Year Algeria Brazil Columbia
2000 7 12 16
2001 9 14 18

Data Table B

Country Y2000 Y2001
Algeria 7 9
Brazil 12 14
Columbia 16 18

Data Table C

Country Year Value
Algeria 2000 7
Algeria 2001 9
Brazil 2000 12
Columbia 2001 18
Columbia 2000 16
Brazil 2001 14
  1. What are the variables in each table?
  2. What is the meaning of a case for each table? Here are some possible choices.
    • A country
    • A country in a year
    • A year

Problem 1.4: The codebook for several data tables relating to airports, airlines, and airline flights in the US is published at https://cran.r-project.org/web/packages/nycflights13/ nycflights13.pdf.

Within that document is the codebook for the data table airports.

  1. How many variables are there?
  2. What do the cases represent?
  3. For each variable, make a reasonable guess about whether the values will be numerical or categorical.

Problem 1.5: In the 10-mile race data (part of which is shown below), the meaning of row-case is “a person in a year.”
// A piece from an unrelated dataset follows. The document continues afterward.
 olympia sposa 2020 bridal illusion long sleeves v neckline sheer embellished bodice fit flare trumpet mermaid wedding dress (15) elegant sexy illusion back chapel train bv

Table 1.6: An excerpt of runners’ performance over the years in a 10-mile race.

name.yob sex age year gun
jane polanek 1974 F 32 2006 114.50000
jane poole 1948 F 55 2003 92.71667
jane poole 1948 F 56 2004 87.28333
jane poole 1948 F 57 2005 85.05000
jane poole 1948 F 58 2006 80.75000
jane poole 1948 F 59 2007 78.53333
jane schultz 1964 F 35 1999 91.36667
jane schultz 1964 F 37 2001 79.13333
jane schultz 1964 F 38 2002 76.83333
jane schultz 1964 F 39 2003 82.70000
jane schultz 1964 F 40 2004 87.91667
jane schultz 1964 F 41 2005 91.46667
jane schultz 1964 F 42 2006 88.43333
jane smith 1952 F 47 1999 90.60000
jane smith 1952 F 49 2001 97.86667
… and so on for 41,248 rows altogether.
  1. Explain why sex, age, and gun time are not part of the meaning of a row-case.
  2. Suppose that another Jane Poole ran in the 2004 race at age 56. What additional data, not shown in the table, might be needed to distinguish between the two Jane Pooles?